The survey from the Survey Research Center of the School of Public & International Affairs at the University of Georgia found that precisely 0% of black respondents said that they had a “poor” experience voting in 2022, compared to 0.9% of white voters.
That’s right—zero percent! In fact, 96.2% of black voters said their voting experience was “excellent” or “good,” compared to 96% of whites, a statistically insignificant difference...
This result is fundamentally at odds with the Left’s provocative claim of rampant voter suppression of black voters. Further, this reporting comes at a time when Georgians cast “more votes … than [in] any other midterm” in the state’s history, with black voters making up 48% of this increase since 2000, according to the Pew Research Center.
So, getting back to Jonathan Capehart, he quit the editorial board in 2023, after the record turnout of the 2022 election in Georgia, because the editorial board had called false claims about the Georgia voting law "hyperbolic." By that point it was undeniable that the new law had not prevented black voters (or anyone else) from voting, so calling it "Jim Crow 2.0" or "Jim Crow in the 21st Century" clearly was silly.
Capehart is also getting some backlash because the Post has a "collegiality" rule which says you're not supposed to attack your co-workers by name or reveal details of private discussions. His new book seems to violate that rule.
According to two Washington Post staffers, staff have complained privately that the book publicly pitted current colleagues against each other and appeared to run afoul of the Post’s editorial guidelines around collegiality, as well as rules that restrict staff from publicly disclosing internal editorial conversations. A spokesperson for the Post did not respond to requests for comment. Capehart did not respond to requests for comment...
Some current and former staff told Semafor that they felt Capehart’s decision to go after Tumulty in a book and on his book tour over an editorial disagreement, as well as the actual description of the incident, was unfair to her.
“Ed board members, current and former, are honor bound not to discuss specific deliberations publicly,” former deputy opinion editor Chuck Lane said in a text. “I can only say that Karen took an unsought leadership role when the paper needed her, and performed it superbly and 100 percent honorably, despite extraordinary health challenges — for which I admire her greatly.”
Will he be punished for breaking the rules everyone else is expected to follow? Probably not because that would only play into his identity as a victim.

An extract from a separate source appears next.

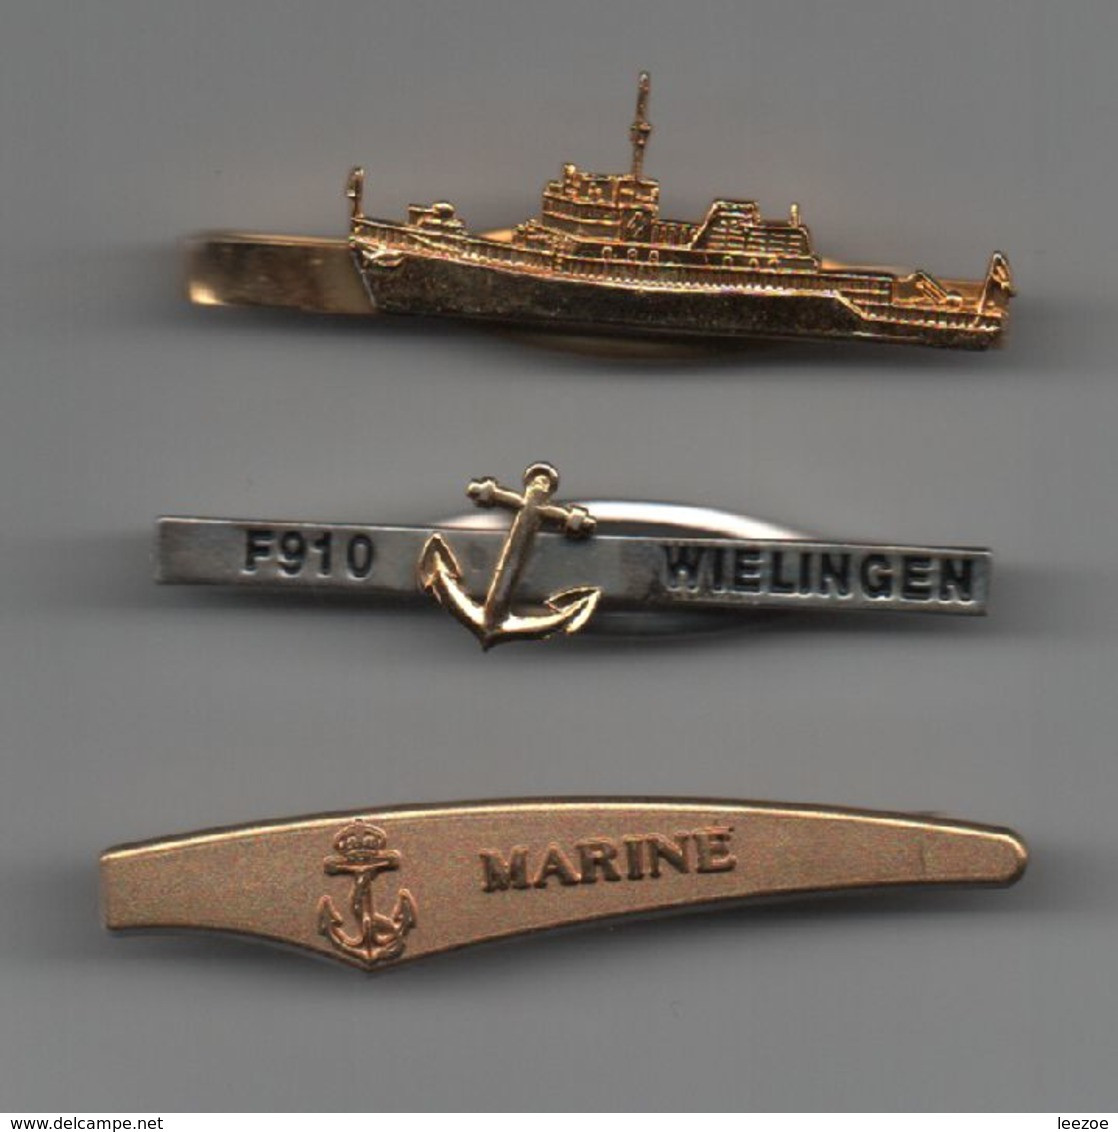 MARINE Pinces à Cravattes Marine F910 WIELINGEN, Bateaux, Navires....BT15 - Maritime Decoration
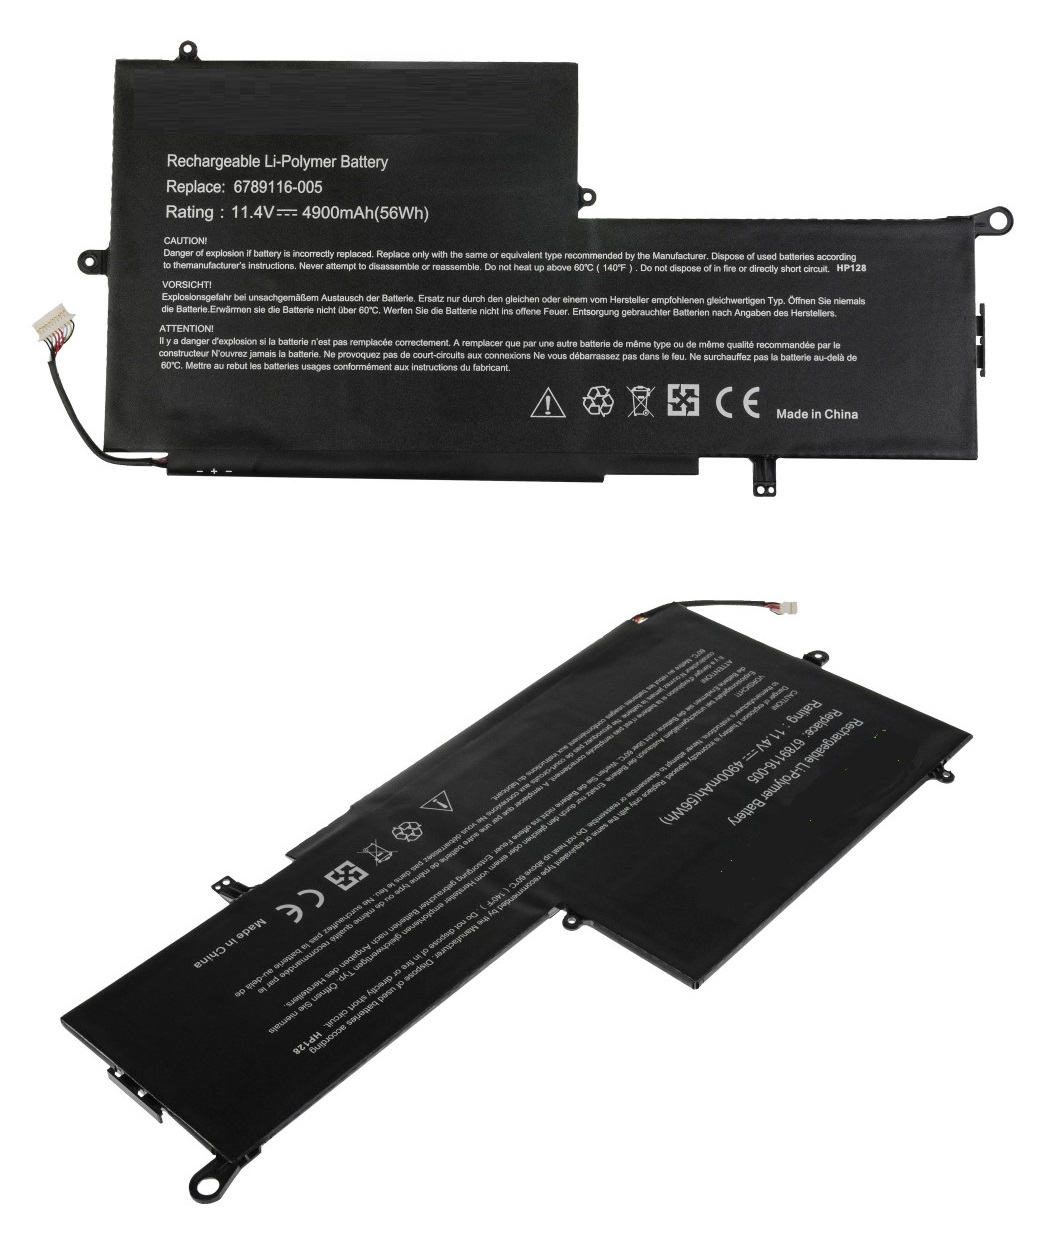 HP Spectre x360 13-001ns L5D96ea Laptop Battery

Finally, it's worth noting that the last time I wrote about Capehart was last November.. Capehart was pushing a conspiracy theory about then-candidate Trump's plan to contest voting outcomes in Pennsylvania when an exasperated Hugh Hewitt pointed out that the GOP had sued in that case and won. In other words, a judge agreed they were right.
In Bucks County, PA, officials cut-off early-voting lines HOURS before they were supposed-to.
— Byron Donalds (@ByronDonalds) October 30, 2024
Some Americans were denied an opportunity to vote early.
This was wrong.
So the @GOP sued.
And TODAY, THE GOP WON.
There will now be 3 additional days of early voting in Bucks County. pic.twitter.com/1XRtWOcOHu
So the GOP sued and won thereby expanding voting hours, but still Capehart twisted it into an anti-Trump narrative. Hewitt pointed out the facts and Capehart had a hissy fit and chastised Hewitt for speaking the truth. Hewitt wound up walking off the show and quitting his job at the Post.
"Bucks County was reversed by the court and instructed to open up extra days because they violated the law and told people to go home..."
— Kyle Becker (@kylenabecker) November 1, 2024
A FURIOUS @hughhewitt storms off a Washington Post Live stream for what he called "unfair" reporting.
Jonathan Capehart and Ruth Marcus were… pic.twitter.com/bRfaQI3xcN
You get the impression Jonathan Capehart has very thin skin. He can be easily offended by any contradiction, public or private, even one that is undeniably correct.